__INPUT__.
========================================

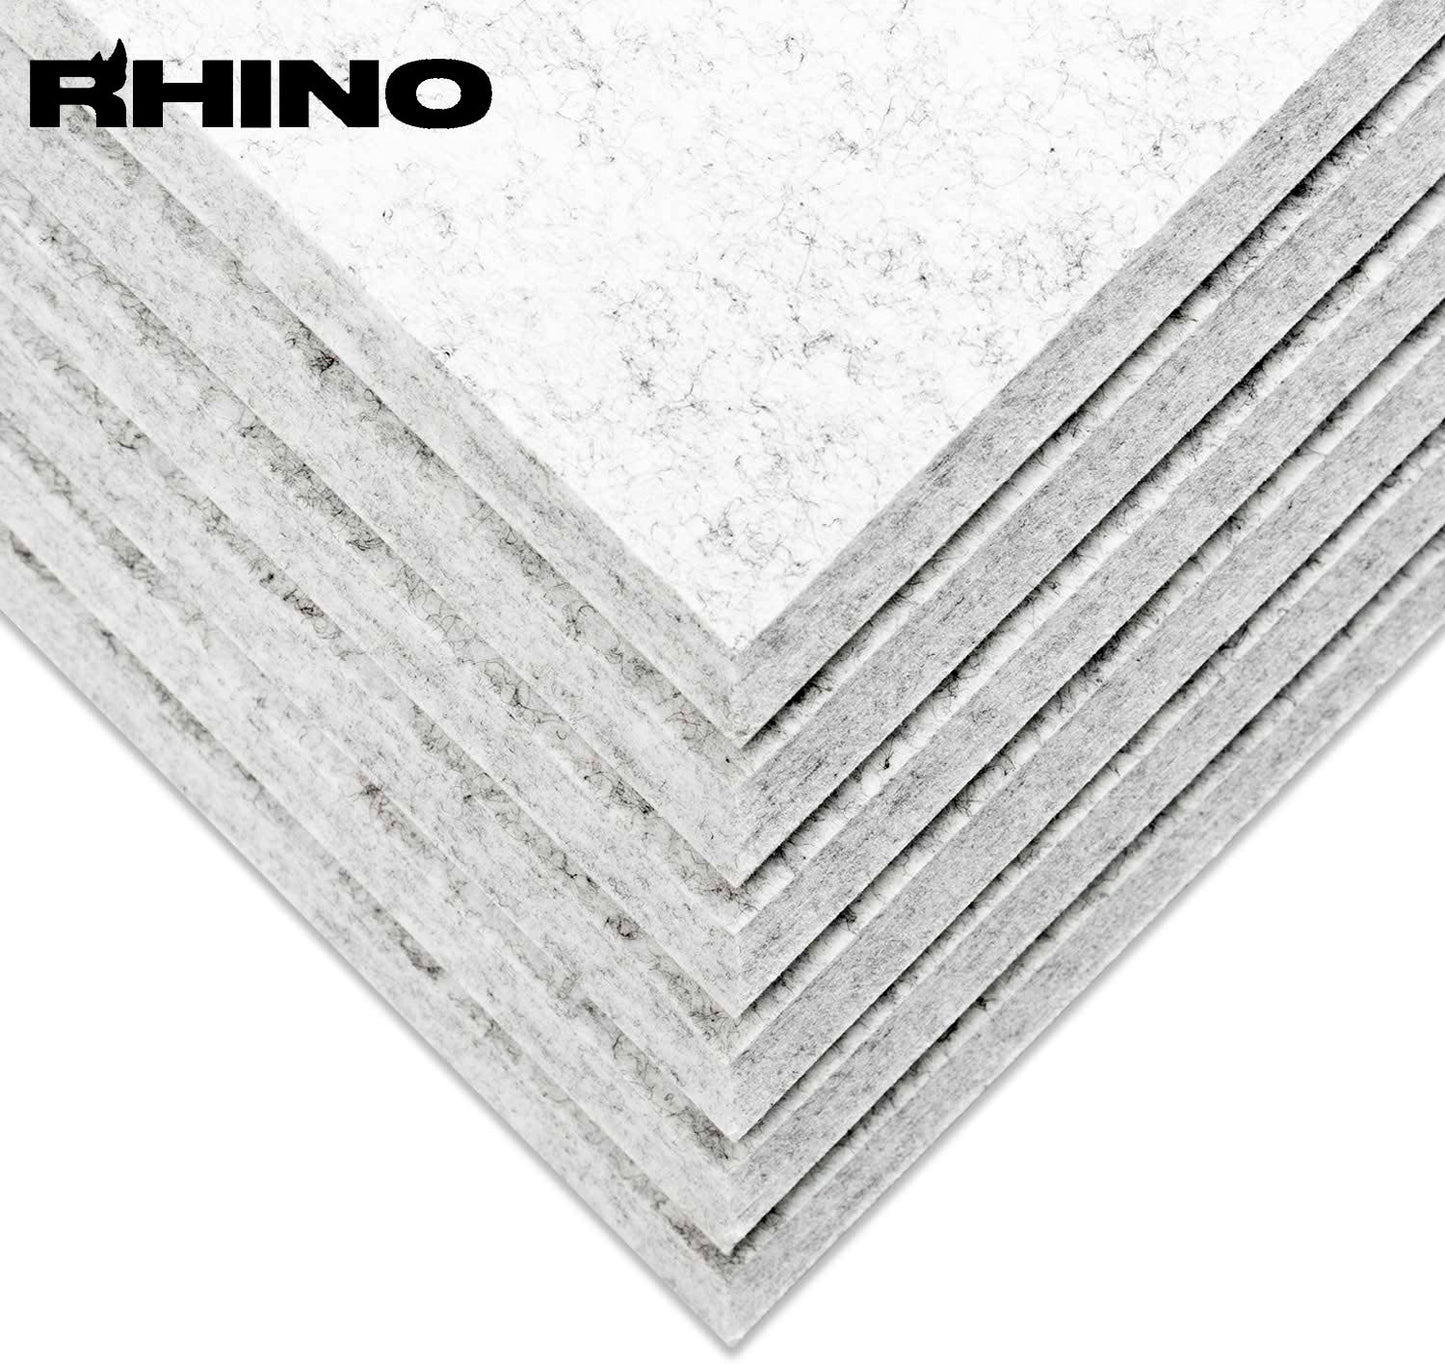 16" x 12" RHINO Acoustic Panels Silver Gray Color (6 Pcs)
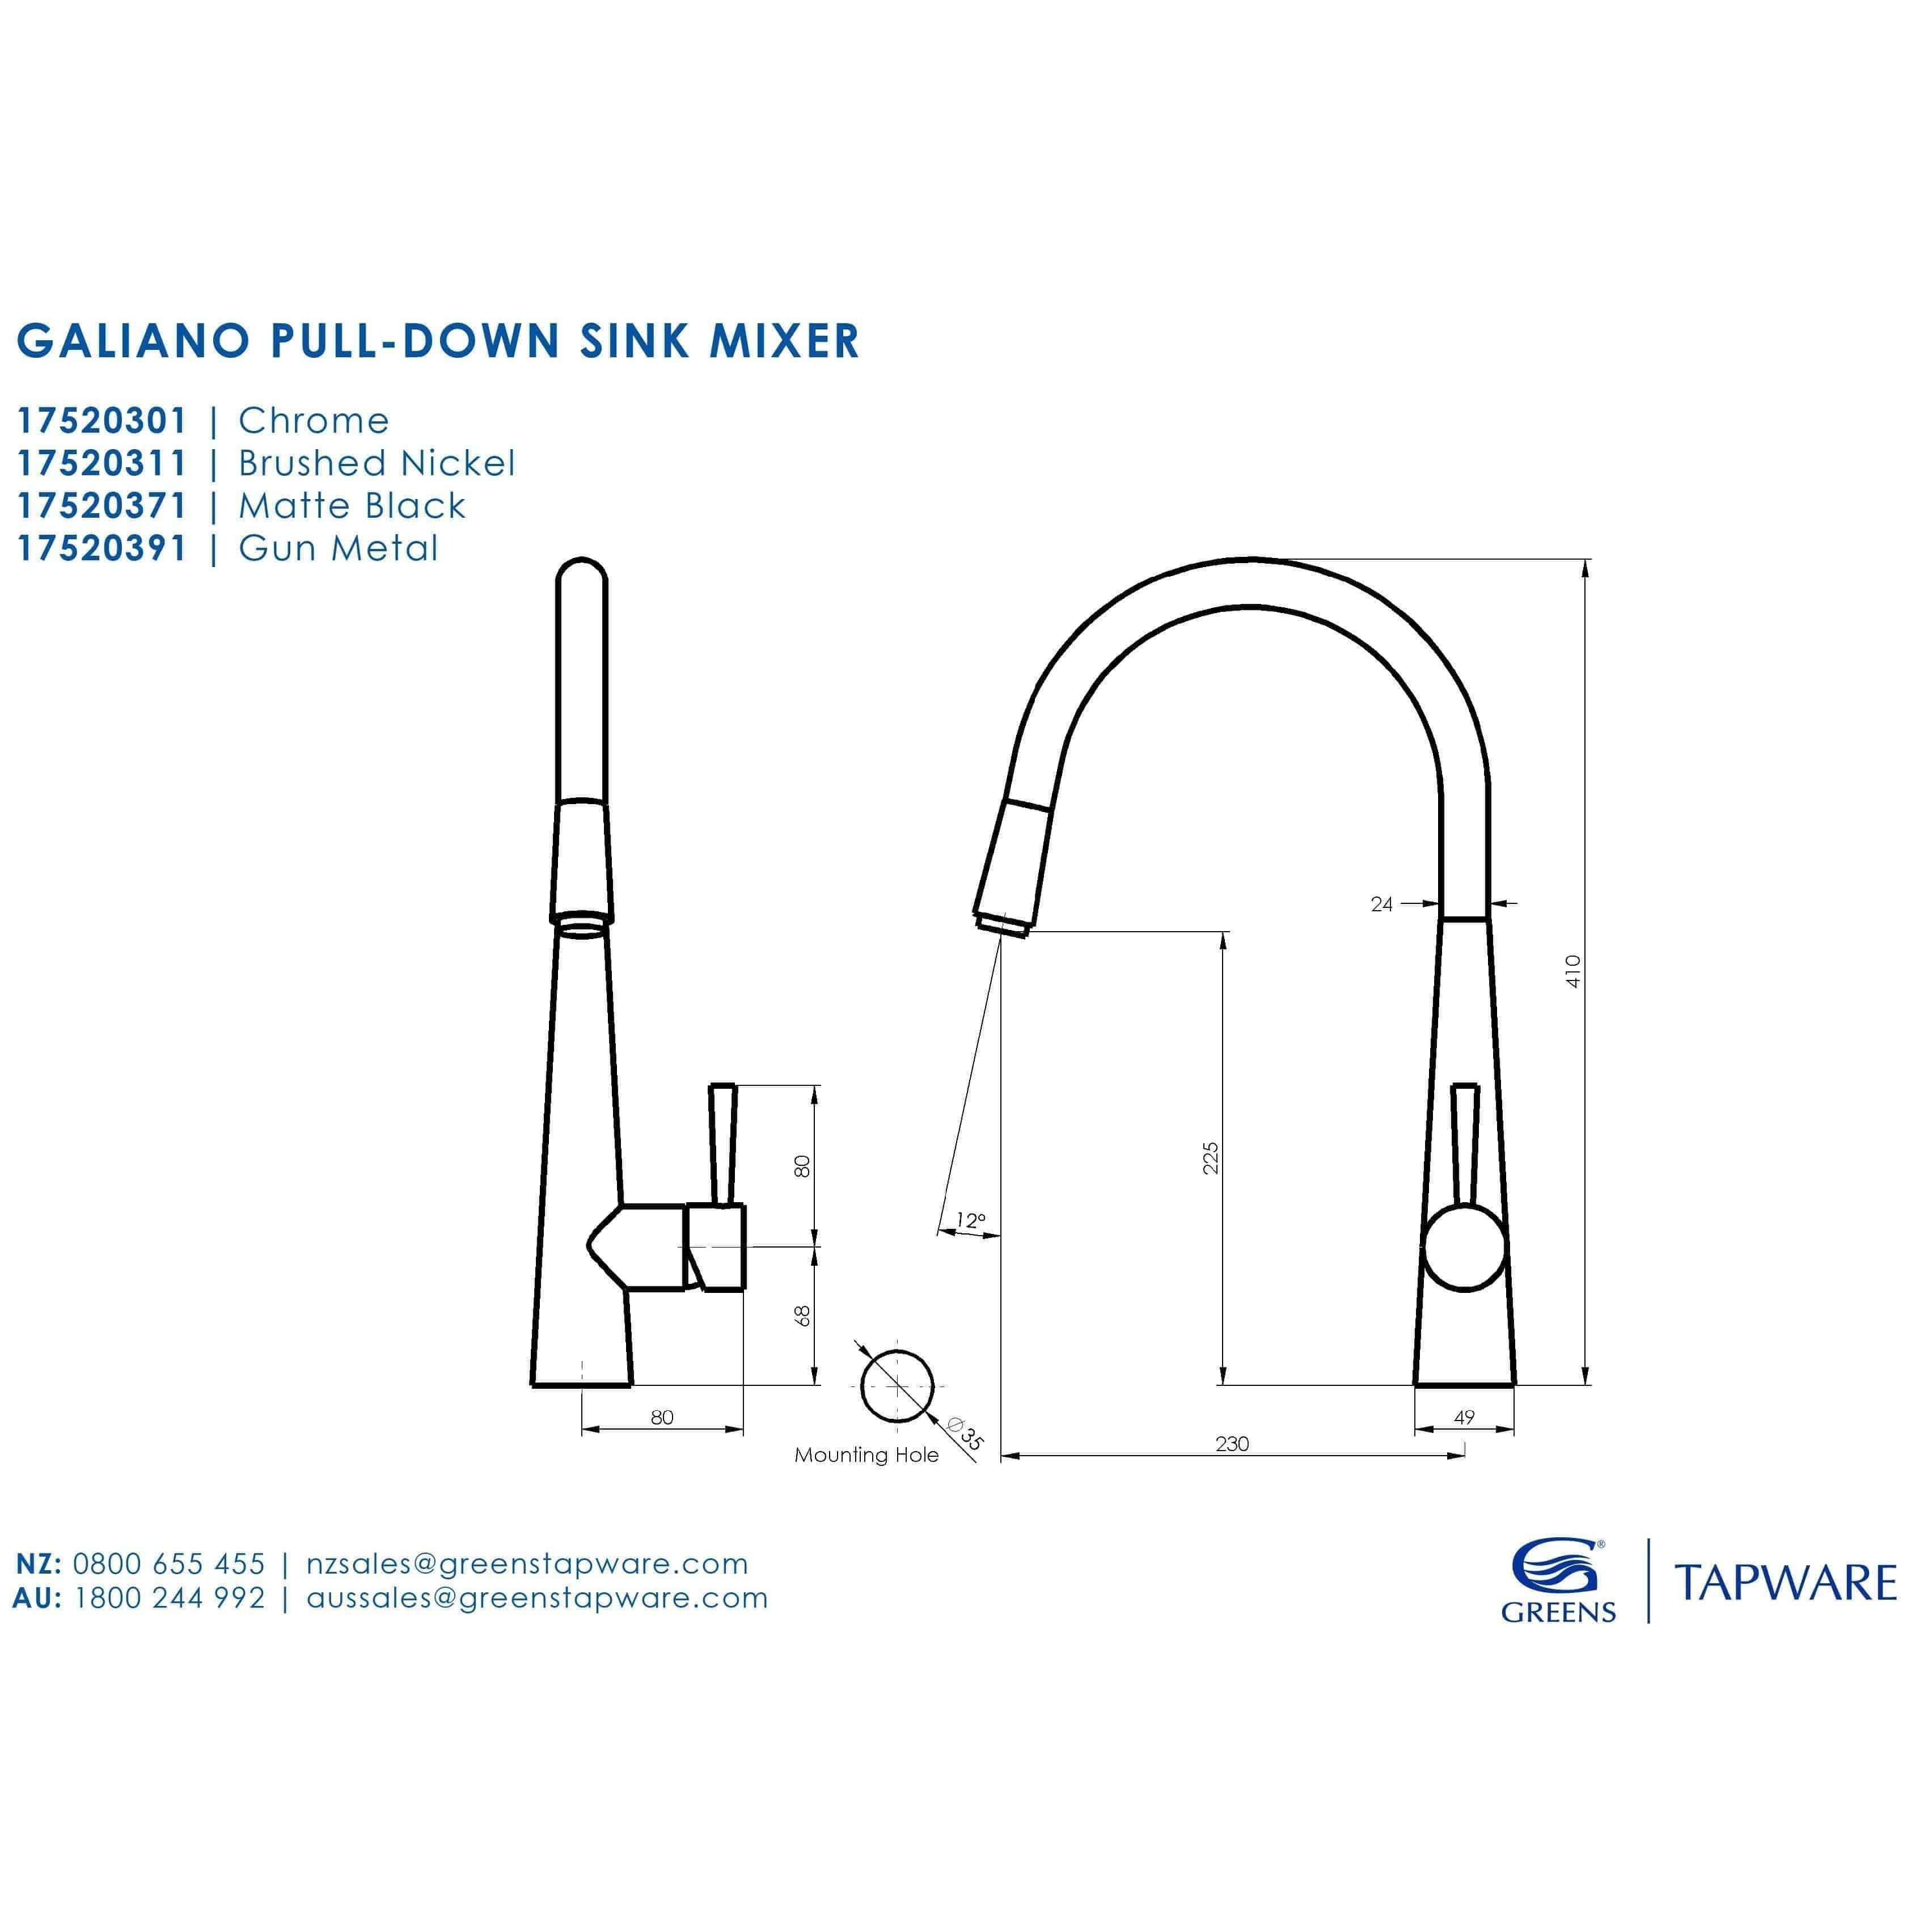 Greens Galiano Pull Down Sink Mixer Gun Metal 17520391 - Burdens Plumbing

========================================

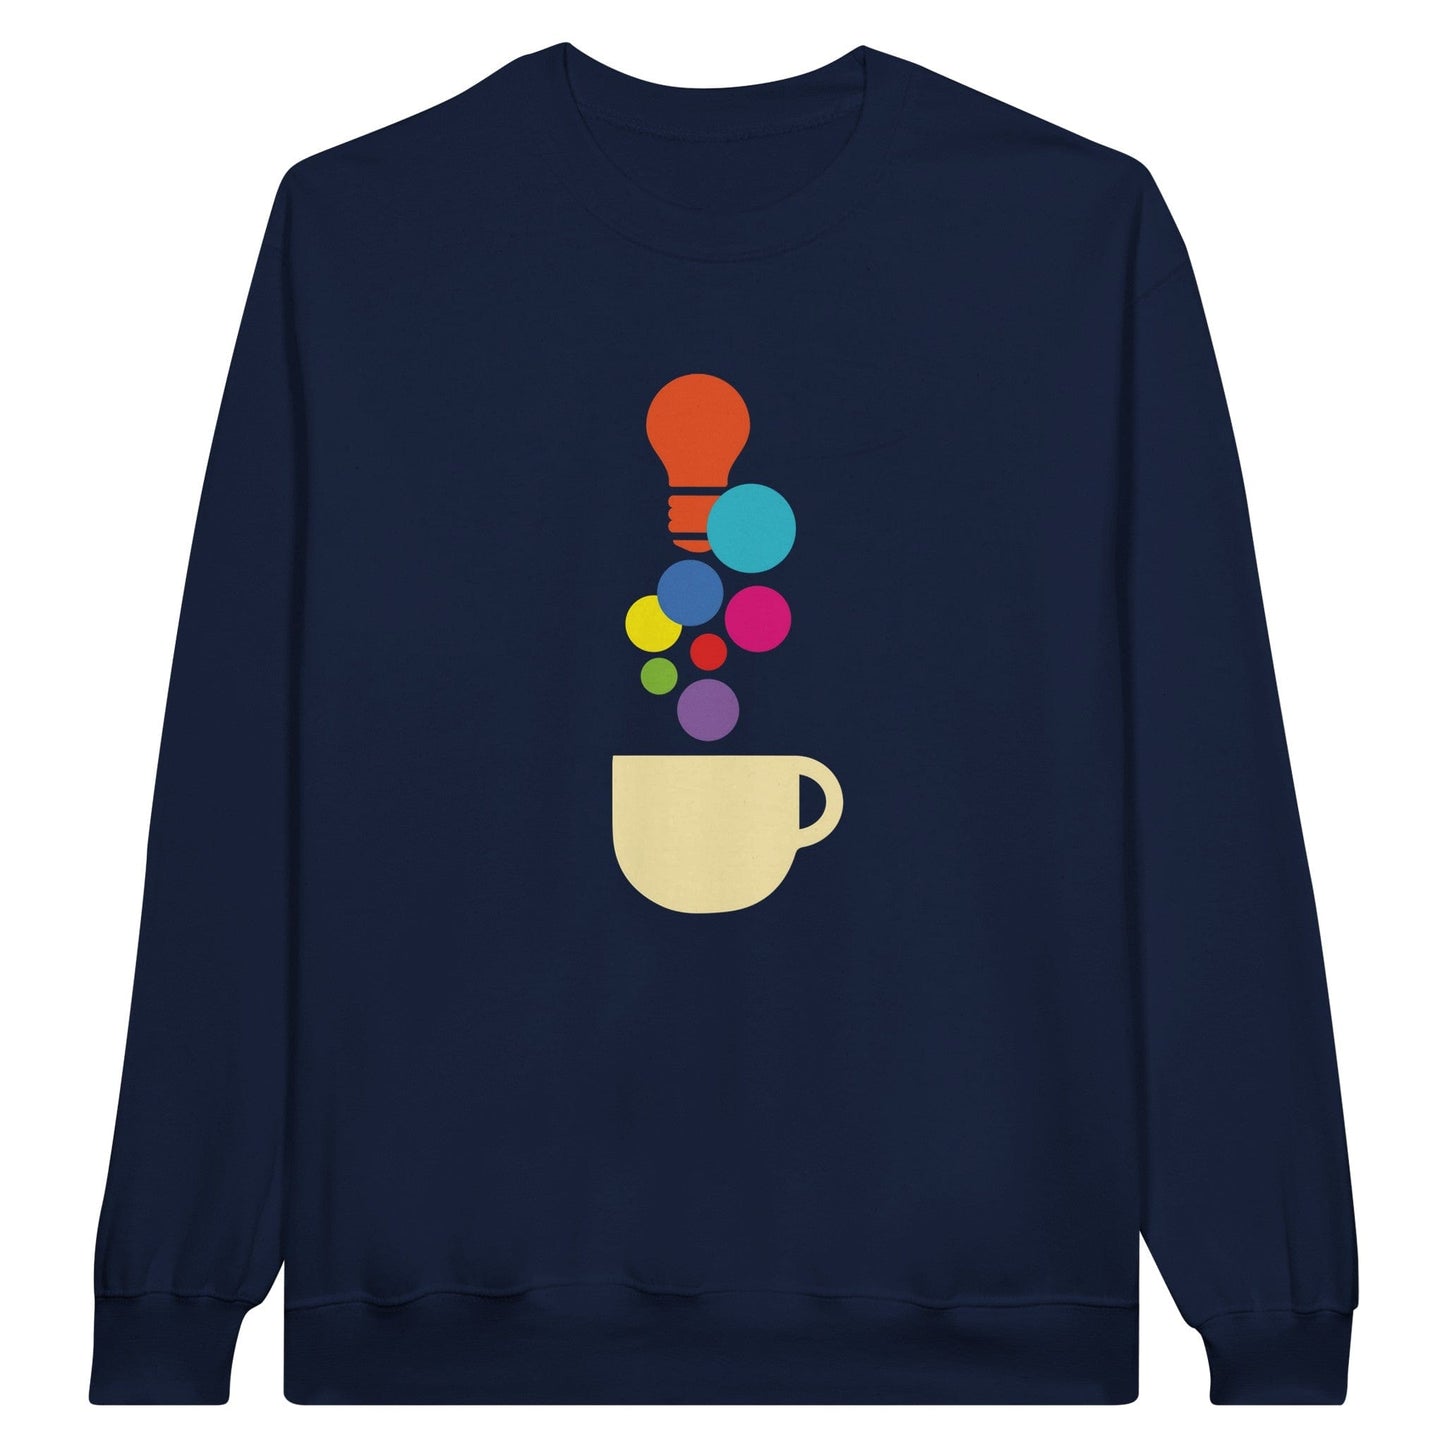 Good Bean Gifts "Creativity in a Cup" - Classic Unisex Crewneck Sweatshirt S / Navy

========================================

__WORK ITEM__.
In the data above, find the line containing "Color (6 Pcs)" and the line containing "Greens Galiano Pull". Repeat those two lines and everything between them exactly, minus the pictures.

__RESPONSE TO THIS TASK__.
 16" x 12" RHINO Acoustic Panels Silver Gray Color (6 Pcs)
 Greens Galiano Pull Down Sink Mixer Gun Metal 17520391 - Burdens Plumbing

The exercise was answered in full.